Alissa Wilkinson of The New York Times said that the film defied interpretation in just one manner. Assessing it from a cinematic perspective, she said: "Despite its presentation as such, it's not even really 'a movie.' And for long stretches, I was deeply unnerved." She believed the lack of a traditional visual frame negatively impacted the visual storytelling and that "Some generated performances seem robotic, others smoothed-over and inhuman". Wilkinson was upset by the reduced running time compared to the original film and concluded that the Sphere version, "in trying to straddle the line between 'experiential storytelling' and 'film,' does neither as well as it could, undercutting what it celebrates". Wilkinson was disconcerted by the film as a portent of how works of art could be altered, saying that it "suggests that in the future, every artist's choices could be reversed, altered or ripped to shreds, then presented by their corporate owners as if they're essentially the original, just zhuzhed up a bit for a new century". Amy Nicholson of the Los Angeles Times said that, "Despite my queasiness about cutting 'Oz' by half an hour, the experiment is a romp", finding the experience immersive and the foam apples and drone-piloted flying monkeys to be "giggle-inducing". Nicholson said the film "loses a dram of its spellcraft" once it reaches Munchkinland, criticizing the "cheesy martian" look of the Wizard's disembodied head and the glitchy appearance of the AI-generated extras; she singled out the hundreds of Emerald City citizens, waving distractingly without concern for Dorothy during a scene in which she pleads with the Wizard.
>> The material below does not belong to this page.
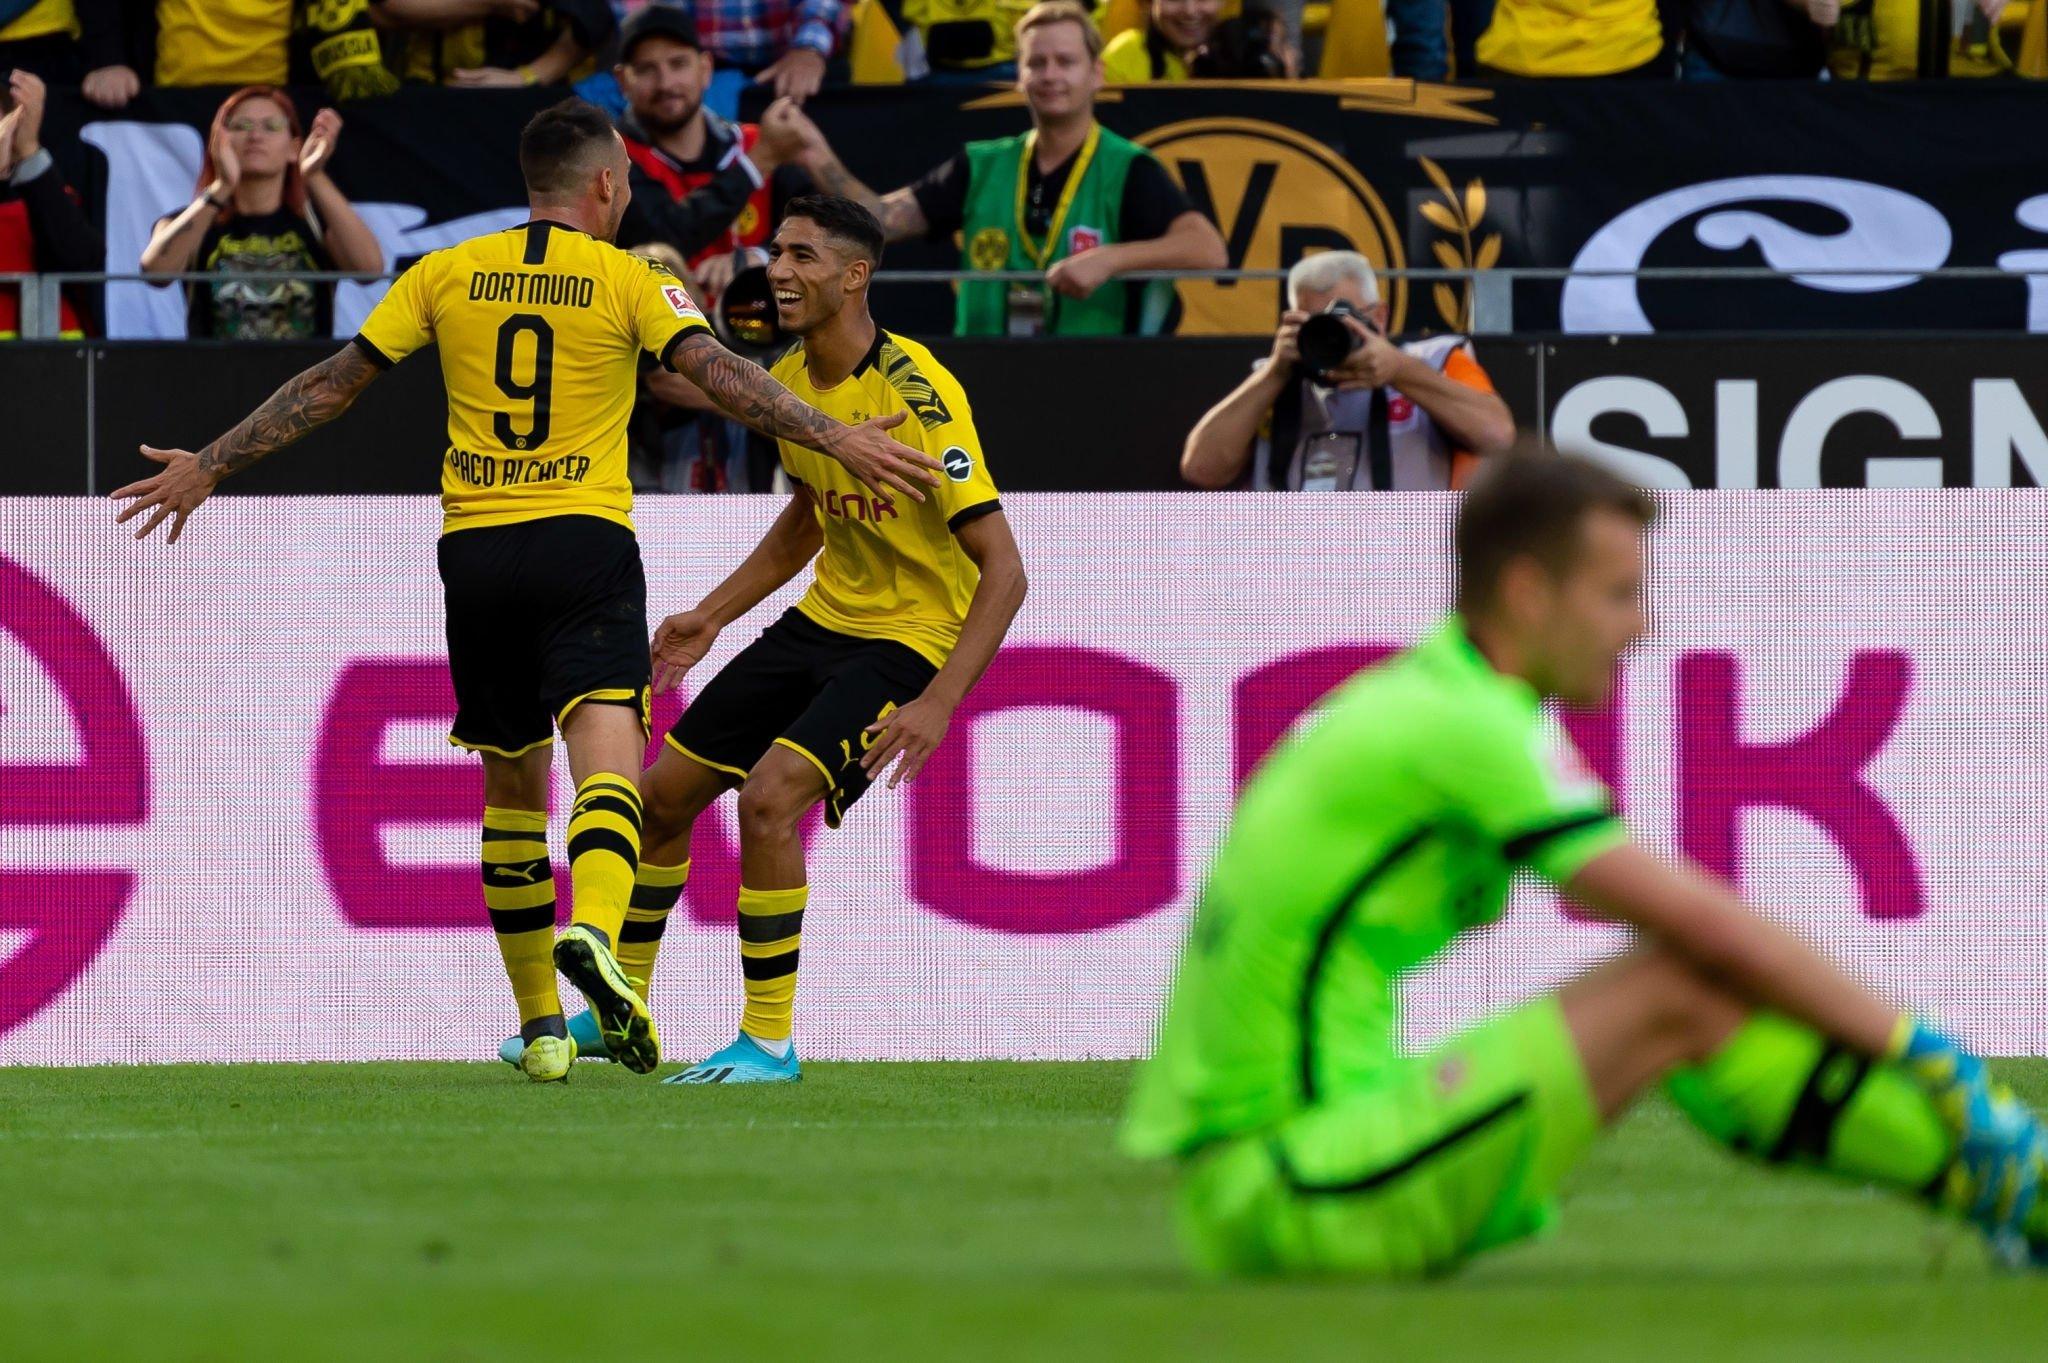 Боруссия Дортмунд - Байер 4:0. Образцовая игра BVB - изображение 1

Nicholson summarized: "Overall, you're so caught up observing the experience itself that the emotions of the story don’t register as anything more than theme-ride hydraulics."

Melissa Ruggieri of USA Today said that the film was "nothing short of extraordinary", calling it a "gleaming spectacle that will move you – literally and emotionally". Ruggieri praised the intensity and realism of the tornado sequence, the emotion conjured by Garland's voice, and the "mesmerizing" facade of the Wizard. Liz Shannon Miller of Consequence criticized the smoothing of Garland's face and the unevenness of how the actors were "plopped" onto new CGI backgrounds. Miller was particularly critical of the AI-rendered crowds, saying their faces did not look human-like or match the eyelines of the characters, and that each scene with them contained "the potential for nightmare fuel". Miller called the tornado sequence a "genuine achievement", believing the creative use of the venue enhanced the scene. Ultimately, she felt let down by the rest of the film, saying, "The only thing more frustrating than watching something that's completely creatively bankrupt is watching something with real sparks of potential get totally squandered."
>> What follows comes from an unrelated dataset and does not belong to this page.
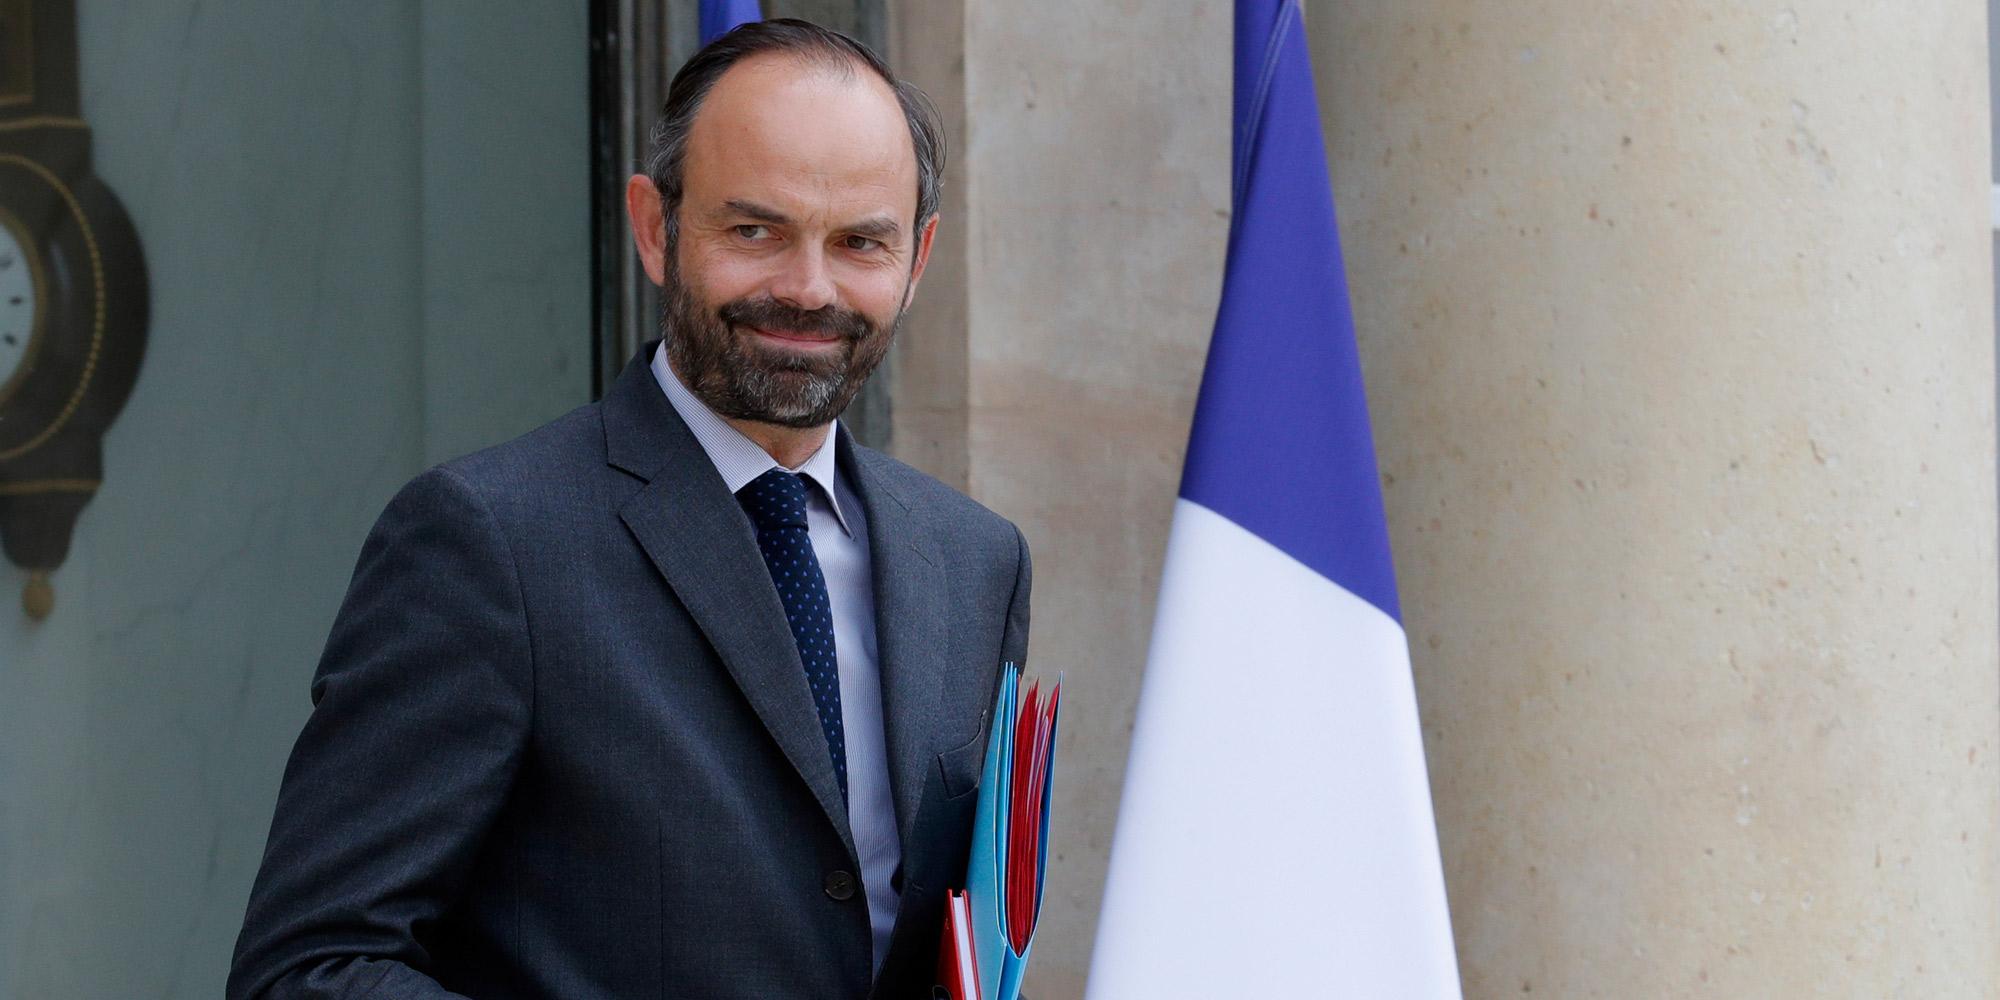 Le premier ministre fran ais douard philippe au maroc for Ministre francais

In 2026, The Wizard of Oz at Sphere won a Visual Effects Society Award for Outstanding Visual Effects in a Special Venue Project.

===Commercial performance===
By October 17, 2025, the film had sold a million tickets and generated more than $130 million in revenue. Following the news, Sphere Entertainment's stock price rose 14.5 percent and closed at an all-time high price of $67.24. As of June 2026, the film had sold more than 3 million tickets and generated over $400 million in ticket sales.